The Problem: Legacy Web Tools Don't Understand LLMs
I spent three months last year helping a West Texas transmission operator build an AI system that monitors equipment vendor documentation. They needed to track firmware updates, security bulletins, and compatibility matrices across 47 different vendor portals. Beautiful use case for AI — except none of their existing web scraping tools could feed clean data to their local Ollama deployment.
Traditional scrapers give you HTML soup. Selenium scripts break every time a vendor redesigns their portal. And the commercial "AI-ready web data" platforms? All cloud-only, all sending your vendor credentials and equipment configurations to third-party servers. That's a NERC CIP violation waiting to happen.
The AI-native web stack solves this: tools purpose-built to extract, structure, and vectorize web content for LLM consumption, all running on your own infrastructure. At EthosPower, we deploy five open-source platforms that cover the entire pipeline from browser automation to content publishing. Here's what actually works in regulated energy environments.
Firecrawl: Web Pages to LLM-Ready Markdown
Firecrawl does one thing exceptionally well: it turns any website into clean, structured markdown that LLMs can actually process. You point it at a URL, it handles JavaScript rendering, strips navigation chrome, and returns semantically chunked content ready for embedding.

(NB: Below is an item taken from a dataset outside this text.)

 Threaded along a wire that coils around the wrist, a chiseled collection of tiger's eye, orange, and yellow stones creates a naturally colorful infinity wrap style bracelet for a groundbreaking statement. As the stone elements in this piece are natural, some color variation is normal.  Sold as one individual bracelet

I deployed Firecrawl for a Southeast utility tracking state regulatory filings. Their previous approach used BeautifulSoup scripts that choked on PDF-embedded viewer widgets and required constant maintenance. Firecrawl's JavaScript execution engine handles the rendering, its content extraction algorithm identifies the actual document text, and the semantic chunking splits 200-page rate case filings into coherent sections.

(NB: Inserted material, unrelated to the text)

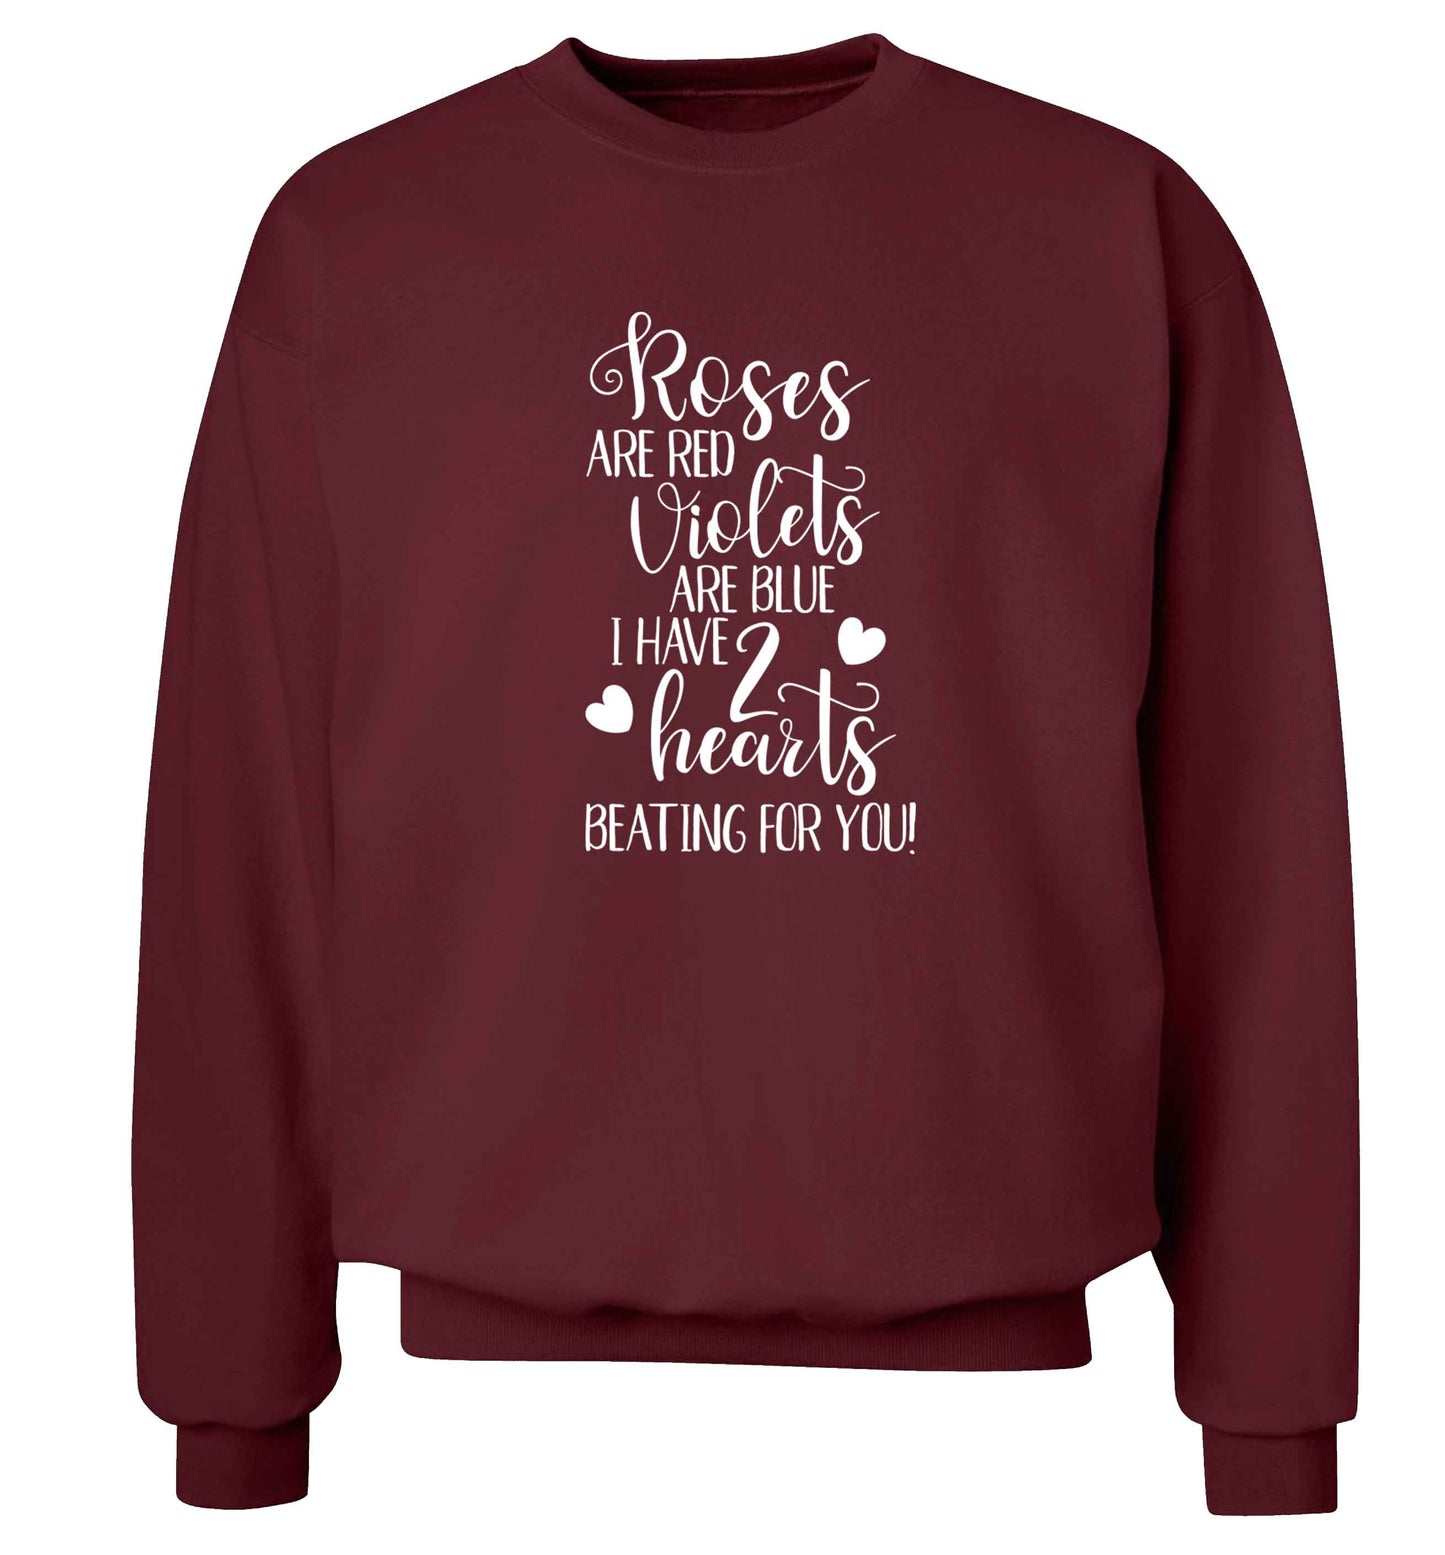 Roses are red violets are blue I have two hearts beating for you Adult's unisex maroon Sweater 2XL

Key capabilities: JavaScript rendering for single-page applications, automatic content cleaning that removes navigation and ads, semantic chunking that respects document structure, and metadata extraction for titles and publication dates. The self-hosted version runs entirely on your network — no external API calls, no data leaving your environment.
Where it falls short: Firecrawl doesn't handle authentication flows or complex user interactions. If you need to log into a vendor portal and navigate through multi-step wizards, you need browser automation. That's where Playwright enters.
Playwright: Browser Automation That Actually Works
Playwright is Microsoft's answer to Selenium, and it's dramatically better. Cross-browser support for Chromium, Firefox, and WebKit. Auto-waiting that eliminates flaky timeouts. And now, AI-powered test generation through their experimental Codegen tool and Model Context Protocol integration.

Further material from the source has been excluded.